VPN Infrastructure and False Positives

Interestingly, several published indicators of compromise include IP addresses for Windscribe VPN (185.212.171.0/24), which GreyNoise telemetry shows were scanning Oracle WebLogic instances but not participating in Ivanti exploitation. This discrepancy between published IOCs and actual attack infrastructure underscores the importance of real-time threat intelligence rather than relying solely on static indicators.

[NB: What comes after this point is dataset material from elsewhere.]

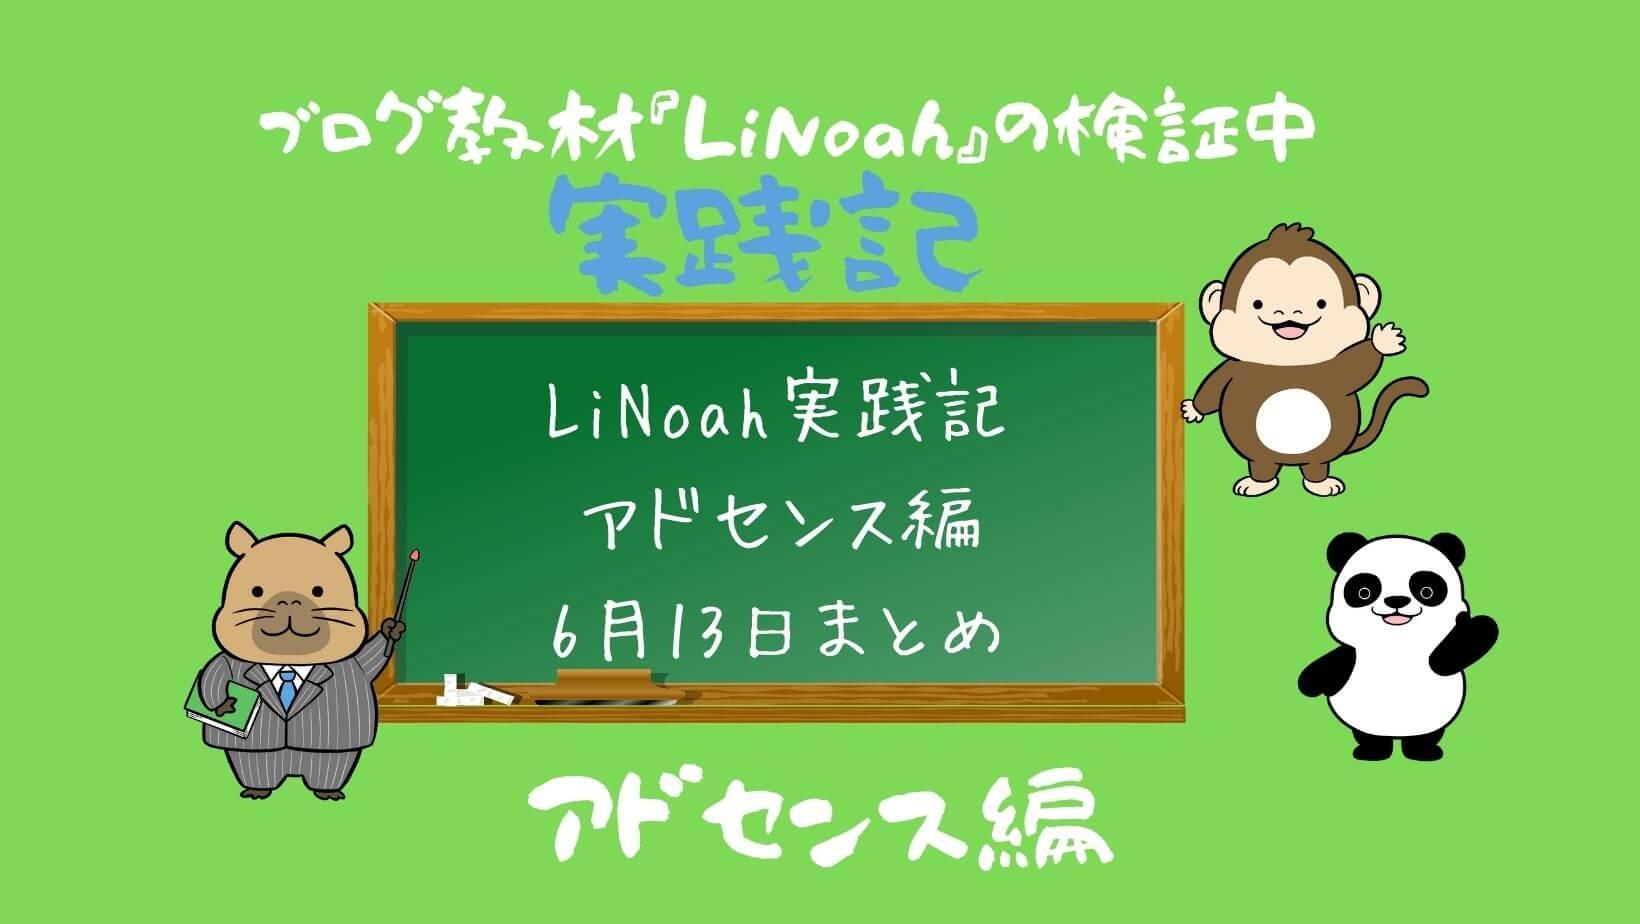 LiNoah実践記アドセンス編6月13日まとめ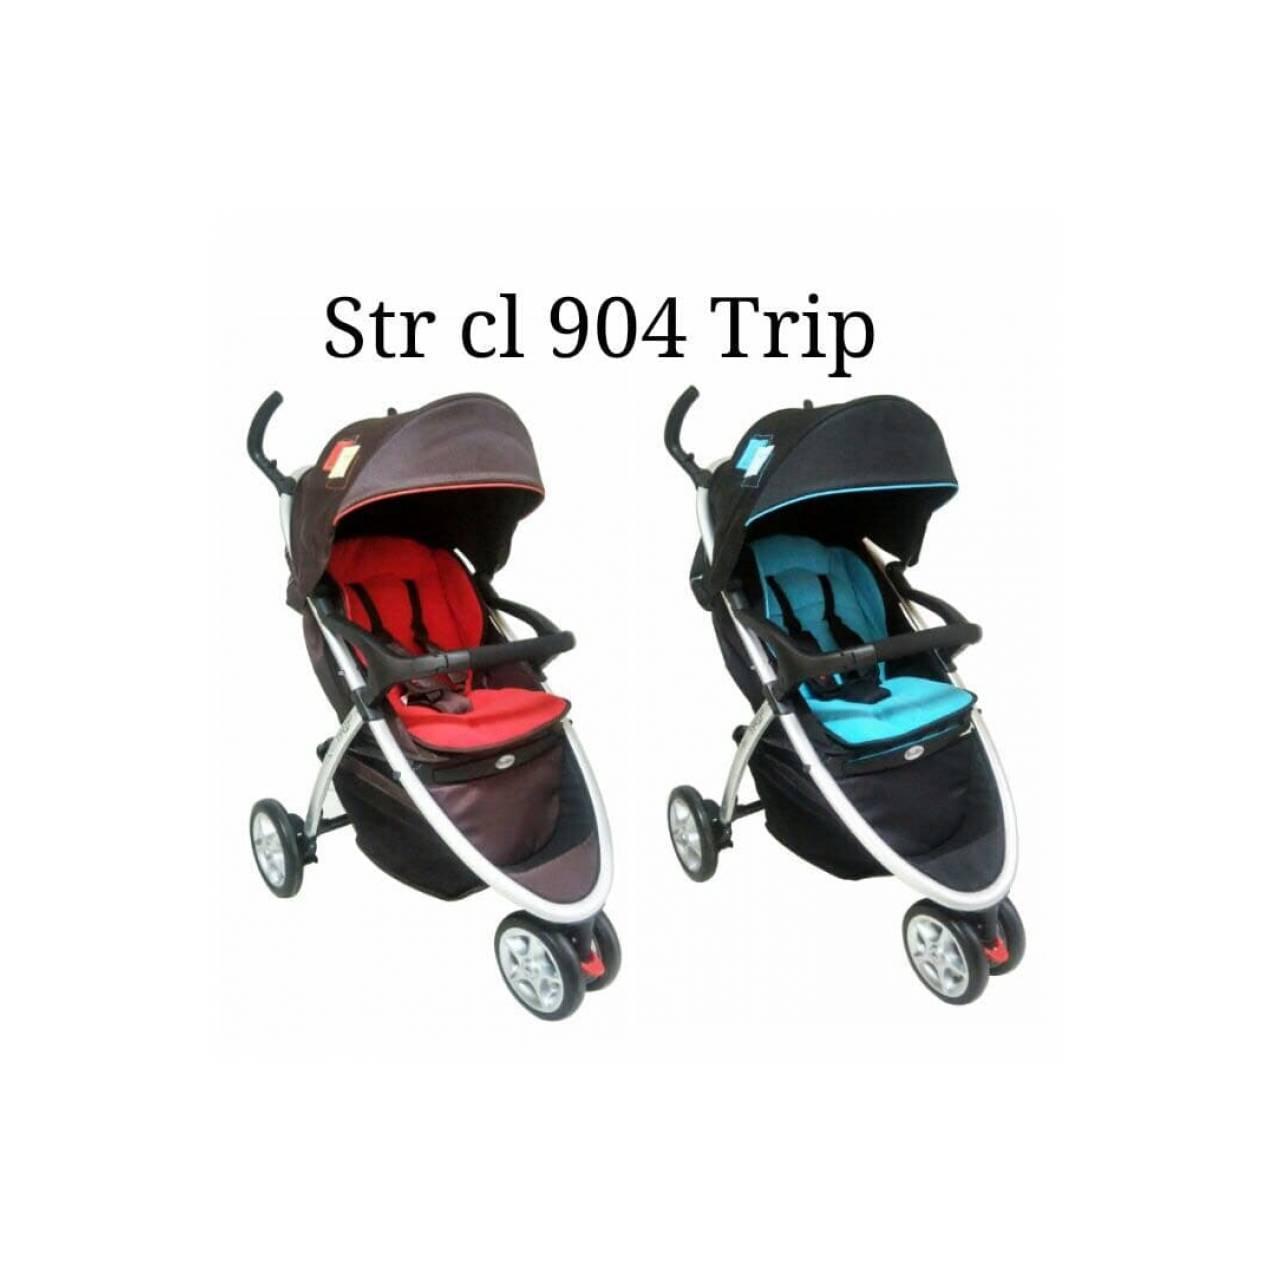 Stroller Cocolatte Trip CL 904 kereta bayi

Ivanti's Response and Mitigation

Ivanti has released hotfixes for the two critical vulnerabilities, but these are not permanent solutions. The company has promised complete patches with the release of EPMM version 12.8.0.0 in the first quarter of 2026.

Until then, Ivanti recommends:

  • Using RPM packages 12.x.0.x for EPMM versions 12.5.0.x, 12.6.0.x, and 12.7.0.x
  • Using RPM 12.x.1.x for EPMM versions 12.5.1.0 and 12.6.1.0

The vendor notes that the most conservative approach is to build a replacement EPMM instance and migrate all data there. Detailed instructions for this migration process are available in Ivanti's security advisory.

The Broader Context

This concentrated exploitation campaign reflects a growing trend in the threat landscape where sophisticated actors dominate vulnerability exploitation rather than distributing activity across many less capable groups. The use of bulletproof hosting, automation, and multi-target strategies suggests this is likely an initial access broker or a well-resourced criminal operation rather than opportunistic attackers.

Organizations running Ivanti EPMM should prioritize patching and consider the migration approach recommended by Ivanti, as the current hotfixes provide only temporary protection against what appears to be a determined and capable threat actor.